I suggest the /3GB switch. It limits the kernel to 1GB and allows the rest to programs. /PAE splits it down the middle. The kernel doesn't need that much ram.


----------



## cjoyce1980 (Jul 17, 2007)

Wile E said:


> I suggest the /3GB switch. It limits the kernel to 1GB and allows the rest to programs. /PAE splits it down the middle. The kernel doesn't need that much ram.



What is the difference?


----------



## Wile E (Jul 17, 2007)

cjoyce1980 said:


> What is the difference?


with just the PAE switch, the Windows kernel reserves 1.75GB of your 3.5GB all to itself. Programs can't access anymore than 1.75GB, in that config. 

If you use /3GB instead, the kernel only reserves 1GB, leaving 2.5GB for your programs to use.


----------



## EviLZeD (Jul 17, 2007)

usually for me xp 32bit picked up 3.25gb on my recent install its detected 3.5gb also vista 64bit  
has detected all the ram


----------



## cjoyce1980 (Jul 17, 2007)

Wile E said:


> with just the PAE switch, the Windows kernel reserves 1.75GB of your 3.5GB all to itself. Programs can't access anymore than 1.75GB, in that config.
> 
> If you use /3GB instead, the kernel only reserves 1GB, leaving 2.5GB for your programs to use.



so with this switch,  kernel gets 512mb and system gets 3GB? right


----------



## ex_reven (Jul 17, 2007)

cjoyce1980 said:


> so with this switch,  kernel gets 512mb and system gets 3GB? right



no. The kernel will still have 1 gig.
Ordinarily, without the switch the ram usage is split 50/50.
The 3gb switch just means that it will limit the kernel to 1 gig and give the remainder to applications etc.


----------



## cjoyce1980 (Jul 17, 2007)

ex_reven said:


> no. The kernel will still have 1 gig.
> Ordinarily, without the switch the ram usage is split 50/50.
> The 3gb switch just means that it will limit the kernel to 1 gig and give the remainder to applications etc.



let me get this right, so with page file off, 128mb video ram and 4gb of system ram i will have
1GB for kernel
2.75GB for system

or is it......

1GB for kernel
3GB for system


----------



## Wile E (Jul 17, 2007)

cjoyce1980 said:


> let me get this right, so with page file off, 128mb video ram and 4gb of system ram i will have
> 1GB for kernel
> 2.75GB for system
> 
> ...


1GB = kernel

The rest of what Windows sees of your ram = applications.

With out it, Windows splits the ram evenly between kernel and apps.

Note that applications CANNOT access the ram set aside for the kernel.

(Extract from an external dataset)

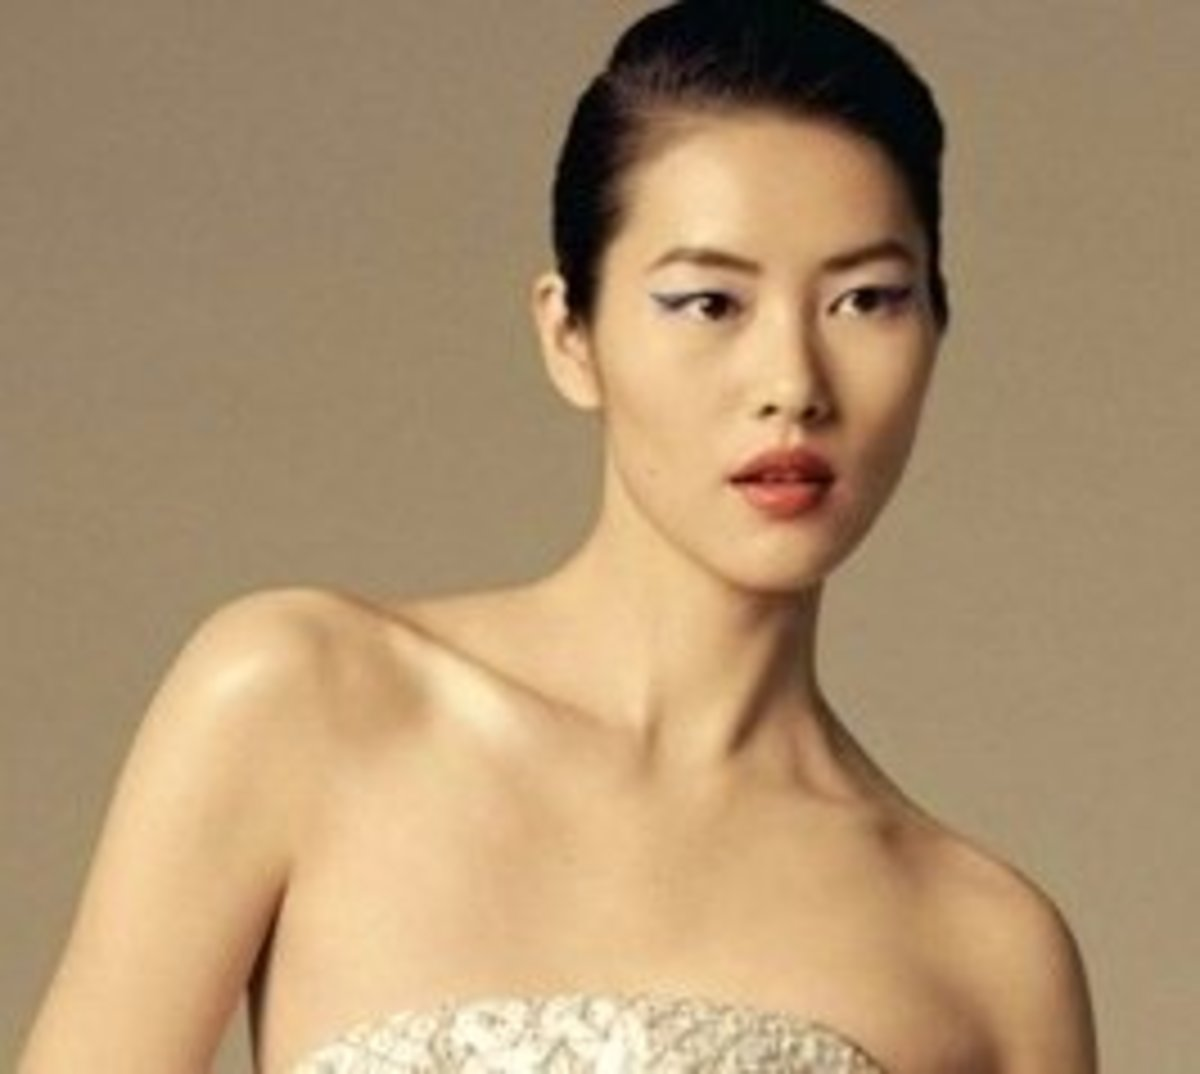 Slicked back short hair can still be feminine. The 10 Best Summer Hairstyles for Asian Women

EDIT: Trust us, just add the /3GB switch to your boot.ini  It's just better. lol


----------



## cjoyce1980 (Jul 17, 2007)

cheers guys, many thanks


----------



## niko084 (Jul 17, 2007)

I wish windows xp would use ram like Windows Server os's.... 

Just use it to cache instead as an os...
Like see and use all 16 gigs and just cache multiple programs on boot including your os..


----------



## Was_ser (Nov 29, 2009)

Information for thinking:
http://www.geoffchappell.com/viewer.htm?doc=notes/windows/license/memory.htm


Follow link, and you will see that 32-bit win will work with even 8GB. Don't be frauded by M$, but keep in mind about WGA, and othe validation tools after .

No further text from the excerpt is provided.